▶ DATASET CONTENT:
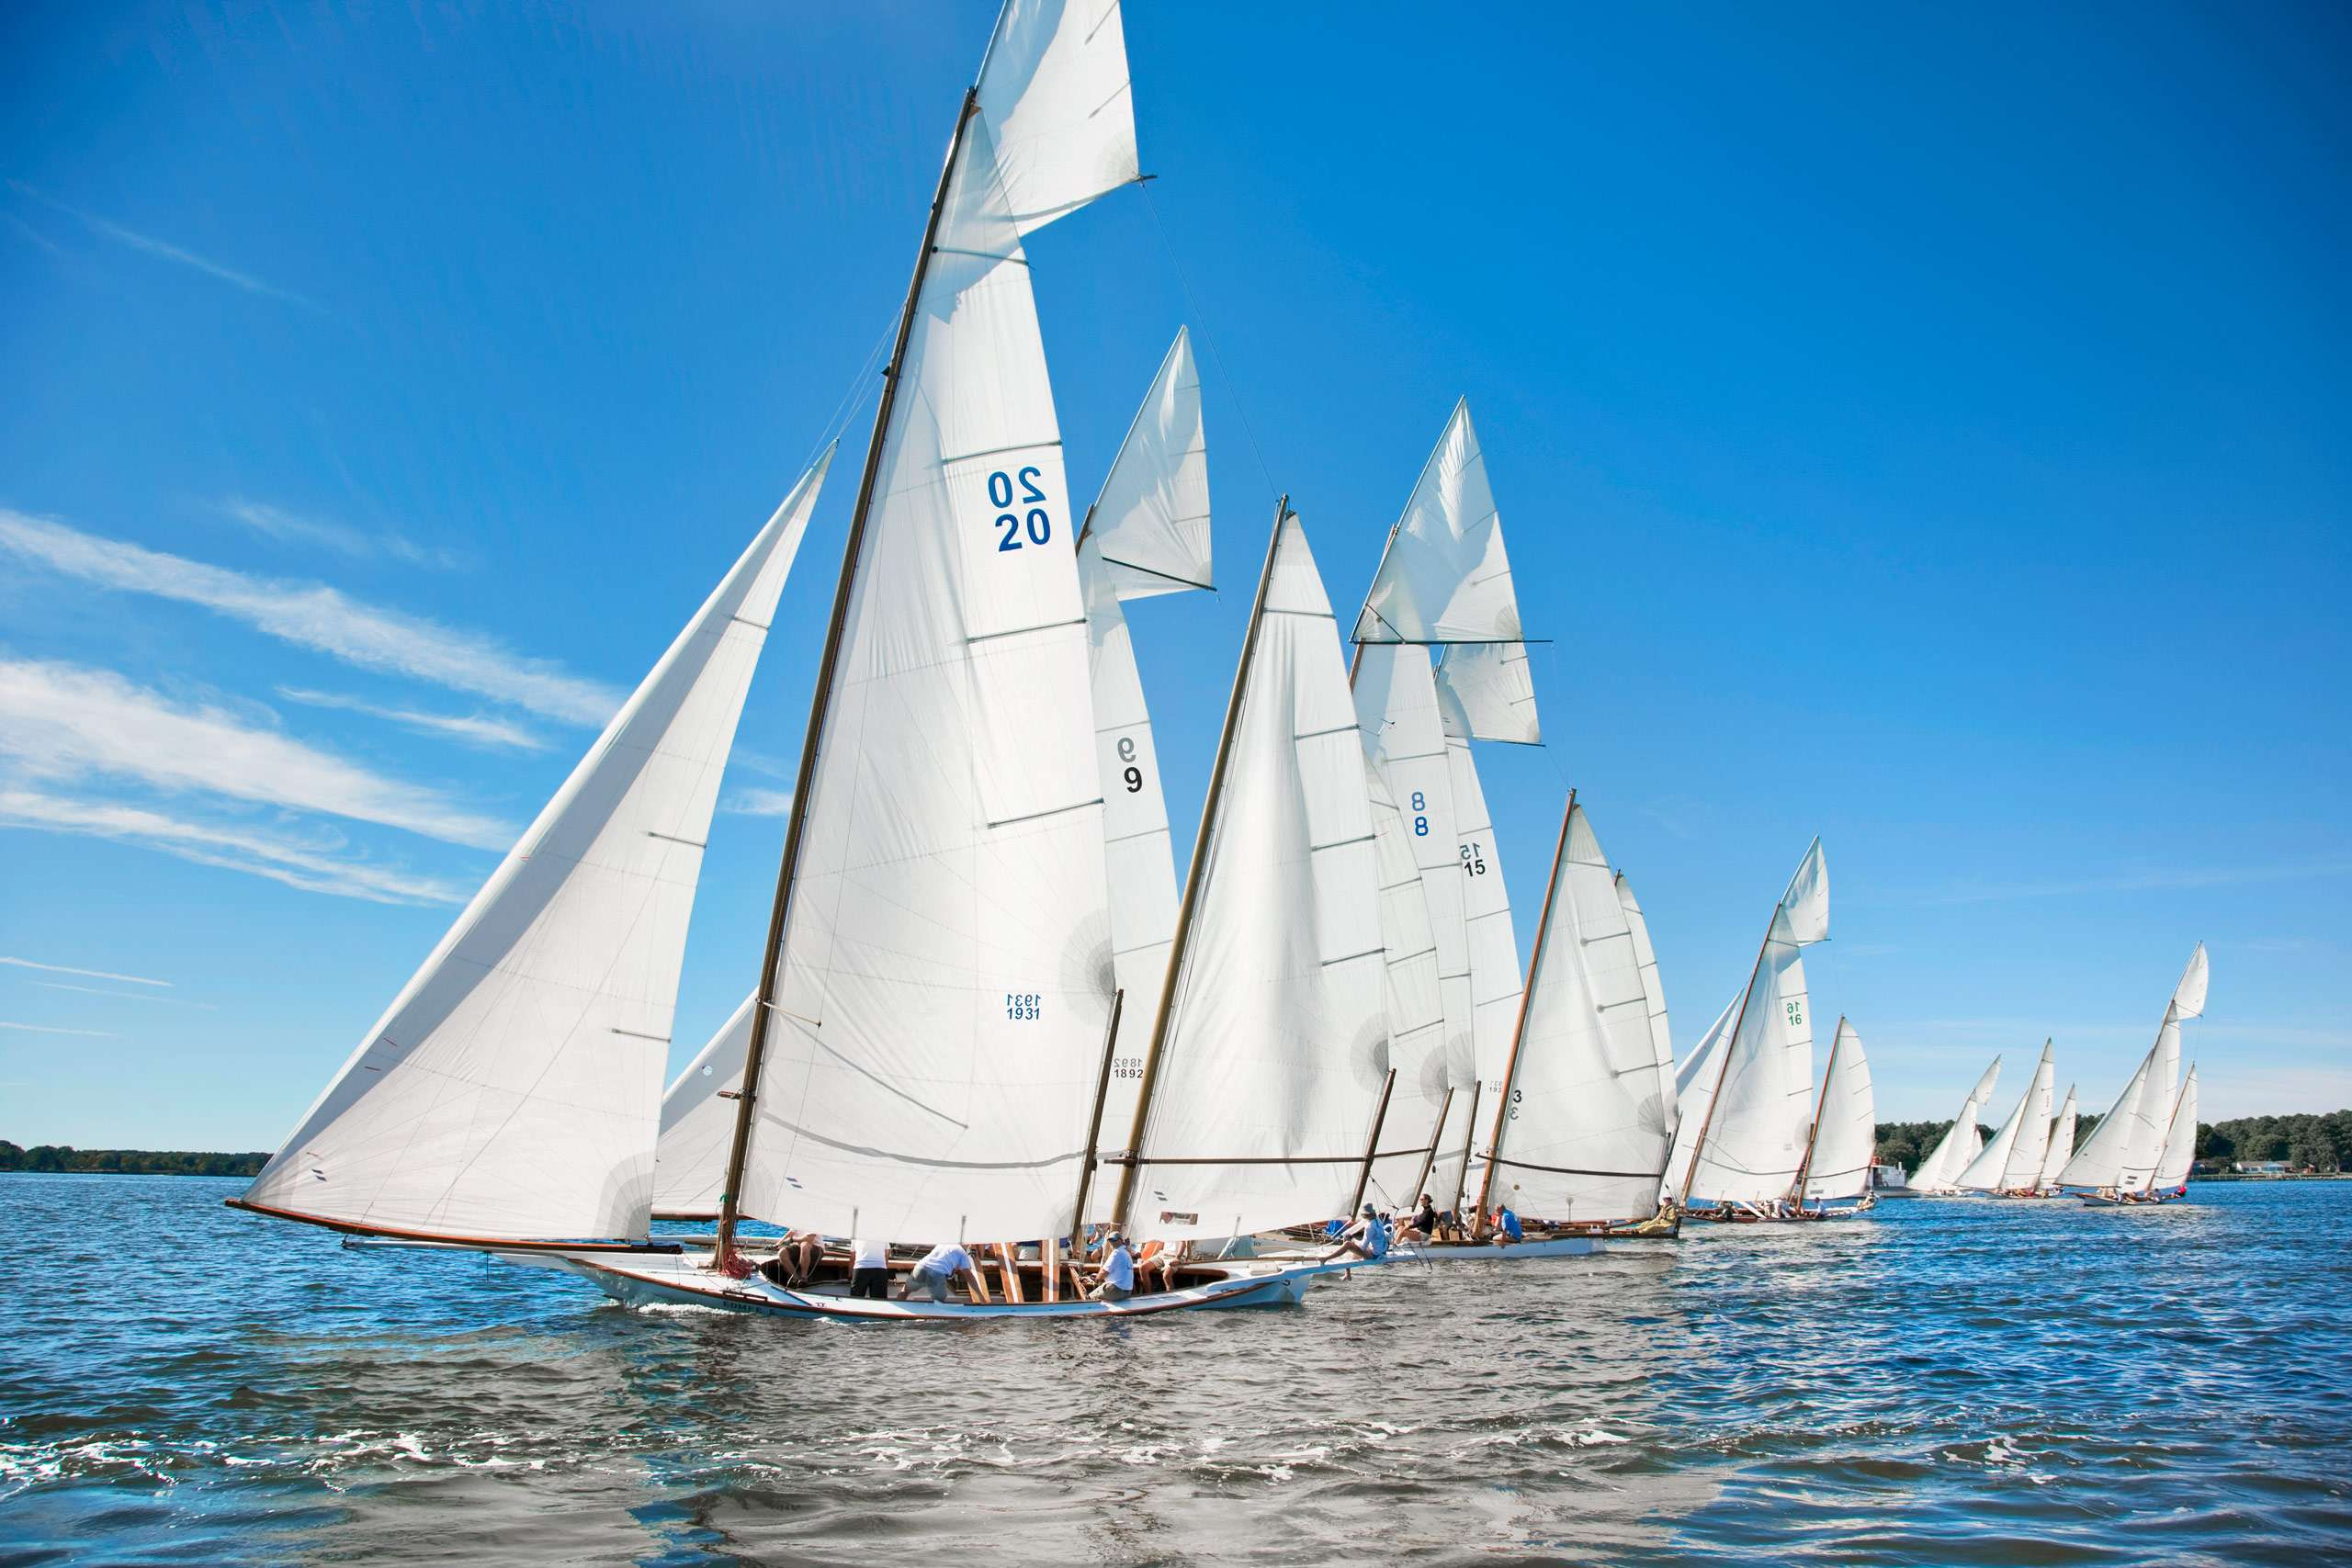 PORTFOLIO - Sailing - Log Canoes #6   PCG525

* * *

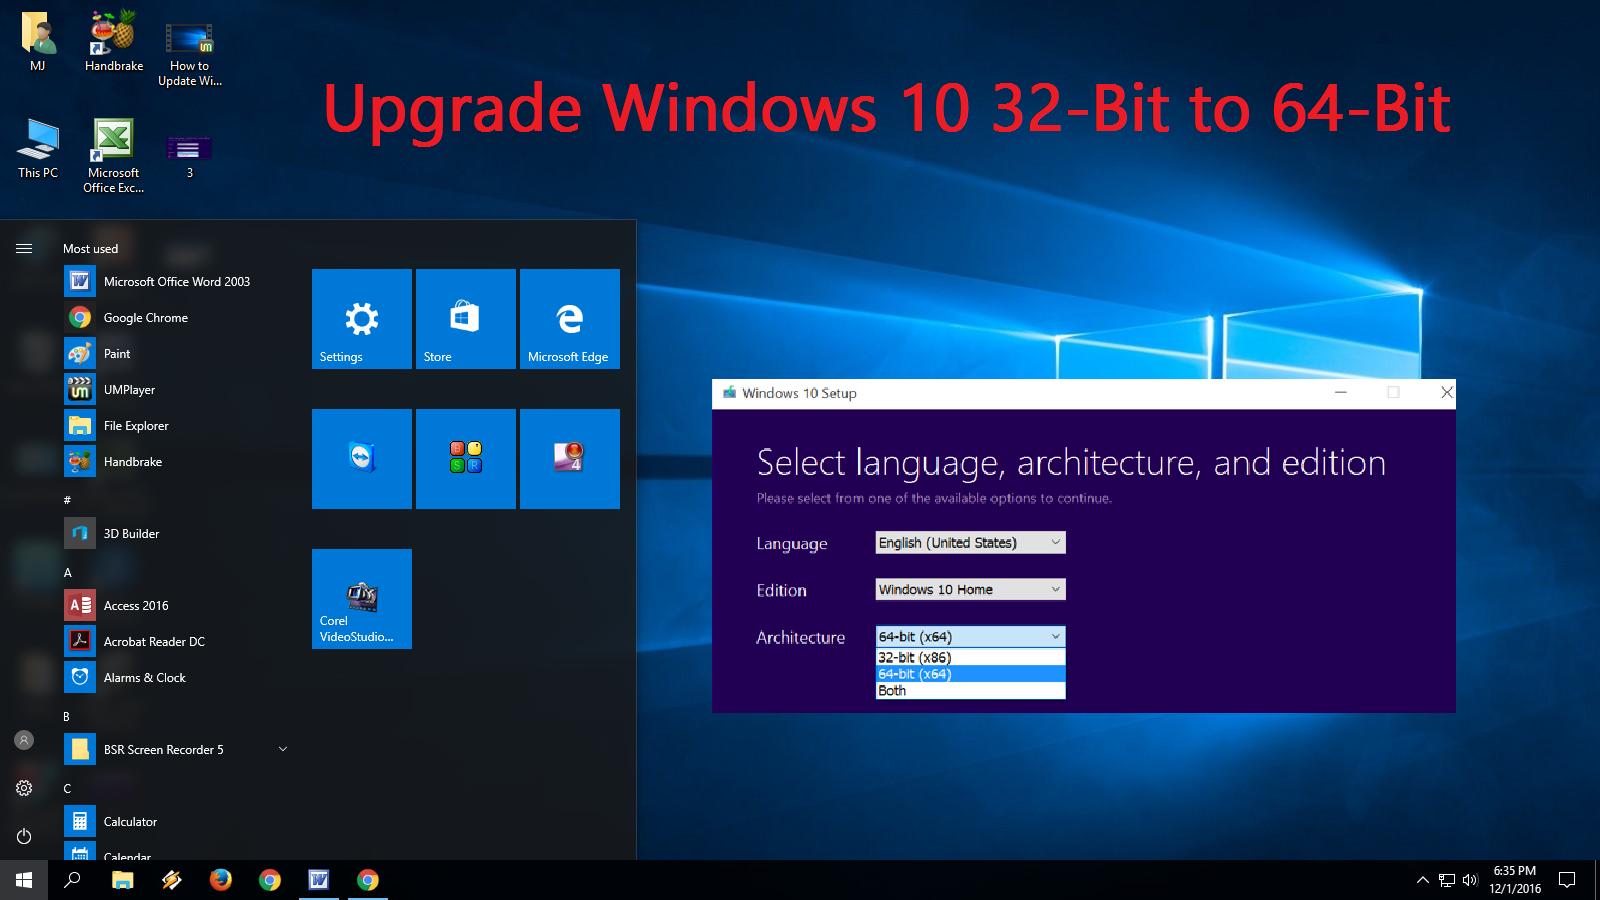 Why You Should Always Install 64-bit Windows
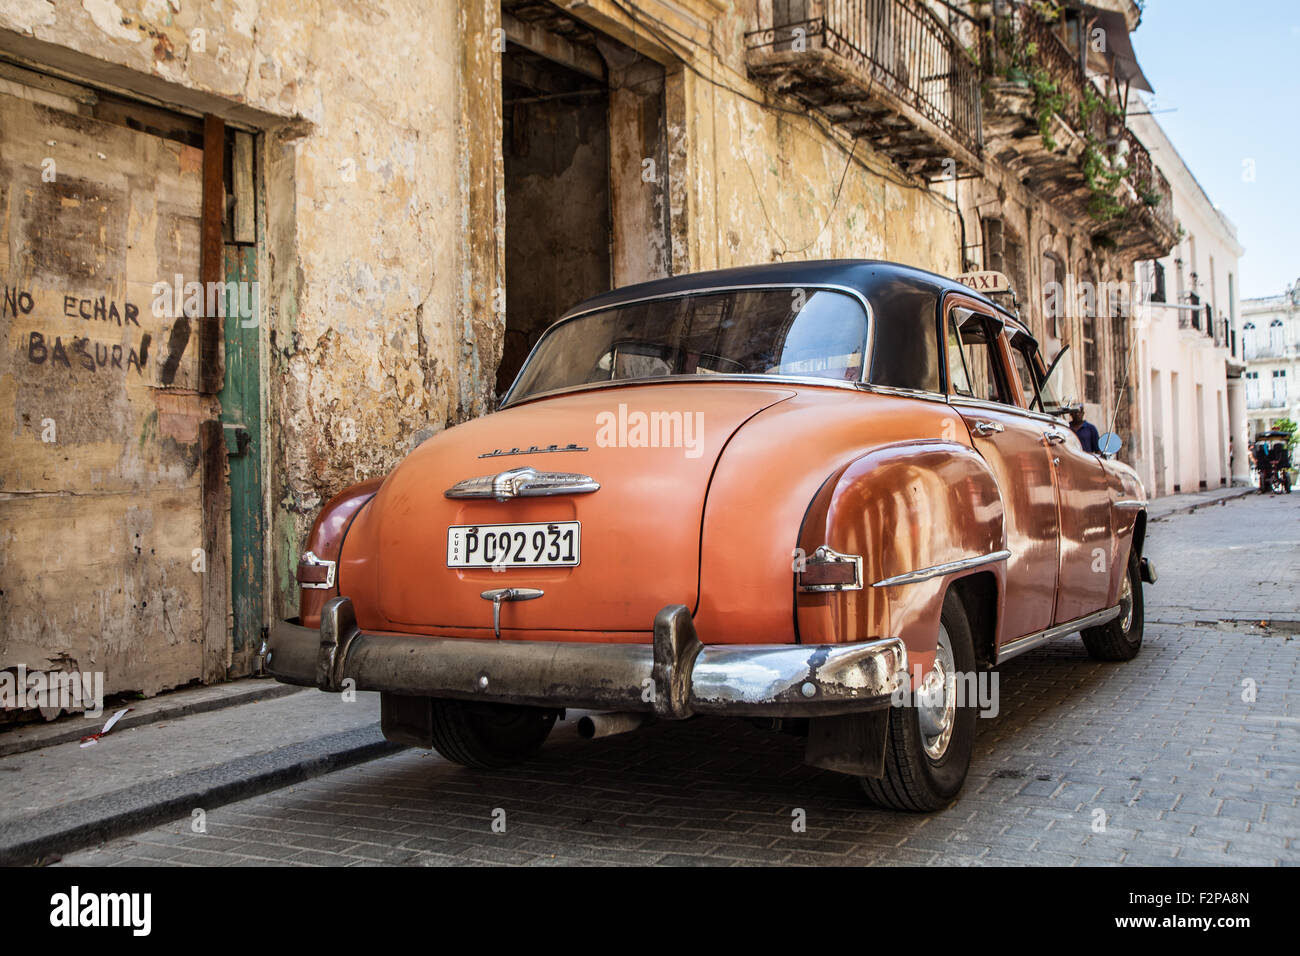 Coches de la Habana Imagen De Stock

...

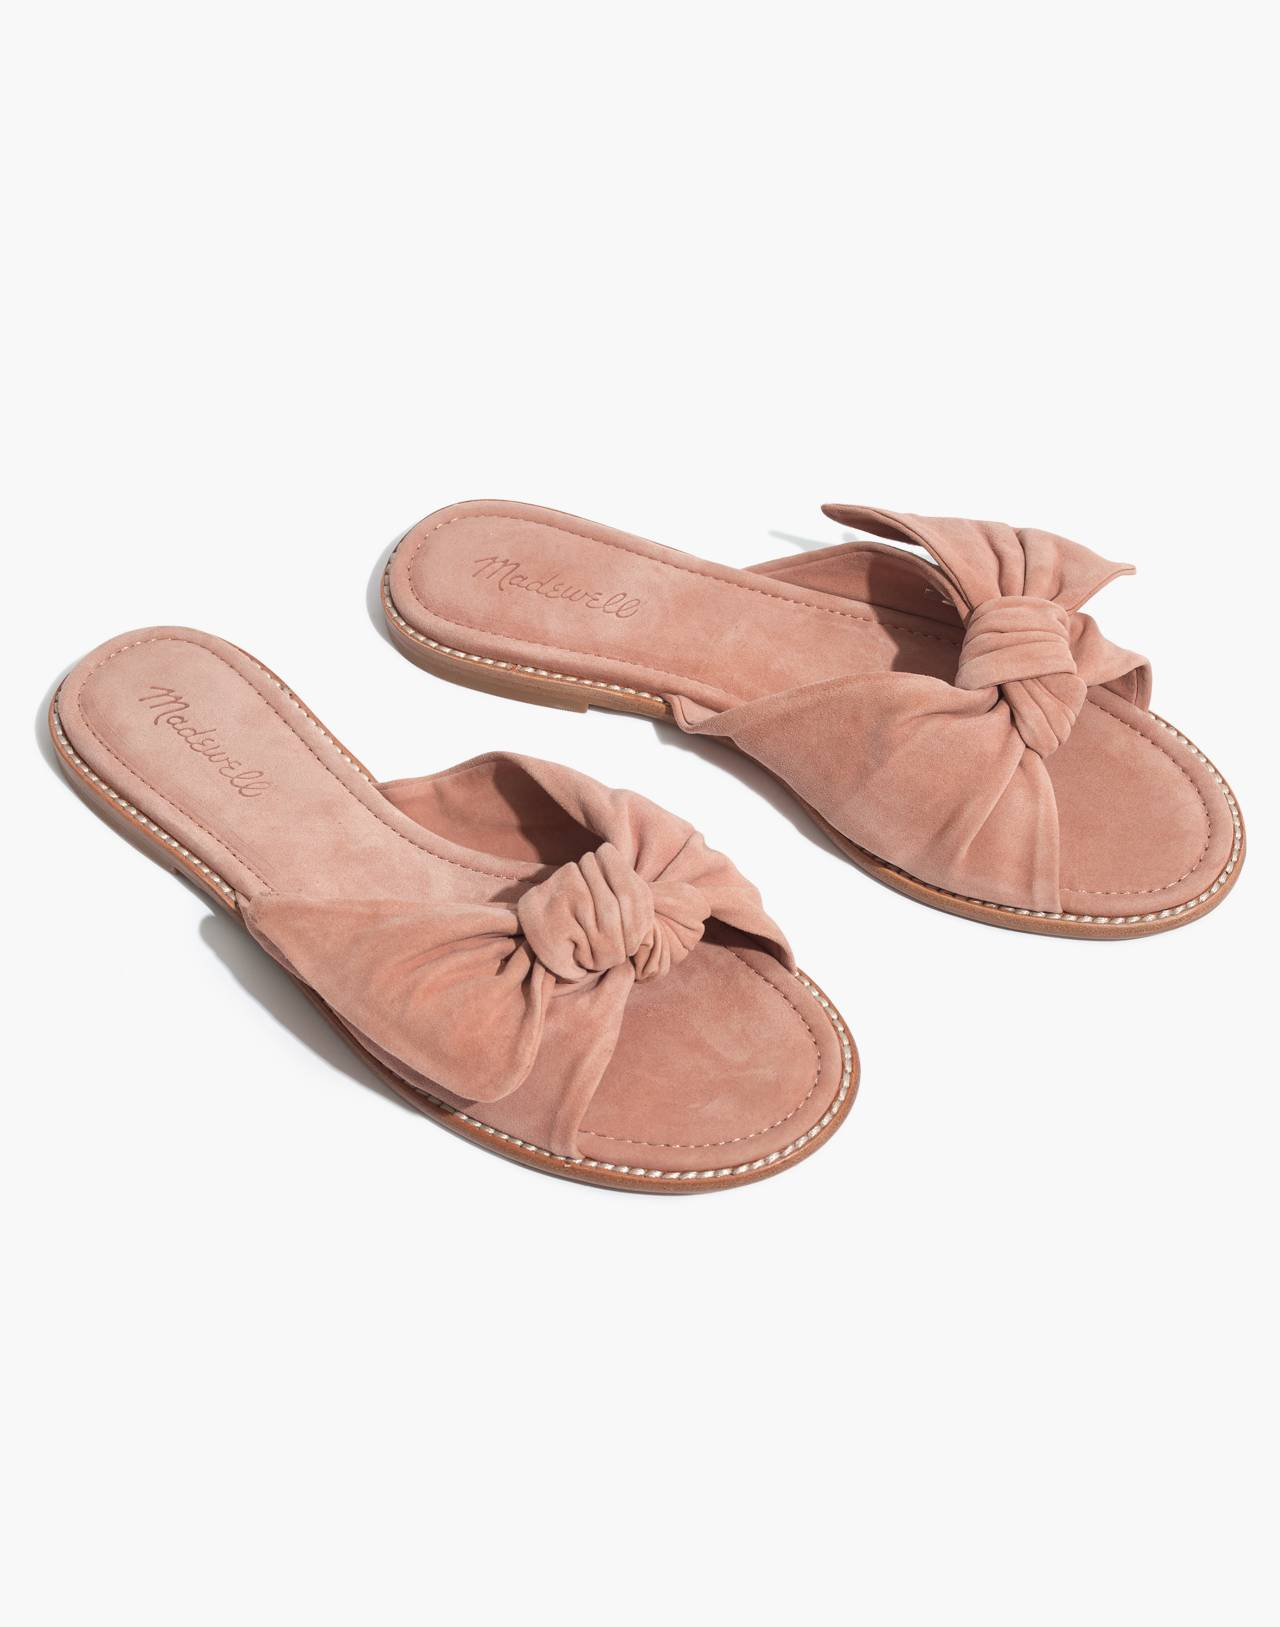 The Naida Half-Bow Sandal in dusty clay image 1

▶ PROBLEM STATEMENT:
Among the lines above, the one with "Why You Should Always Install 64-bit Windows" opens the part to repeat and the one with "Coches de la Habana Imagen De Stock" closes it; repeat only that part exactly, with no pictures.

▶ ANSWER SECTION:
 Why You Should Always Install 64-bit Windows
 Coches de la Habana Imagen De Stock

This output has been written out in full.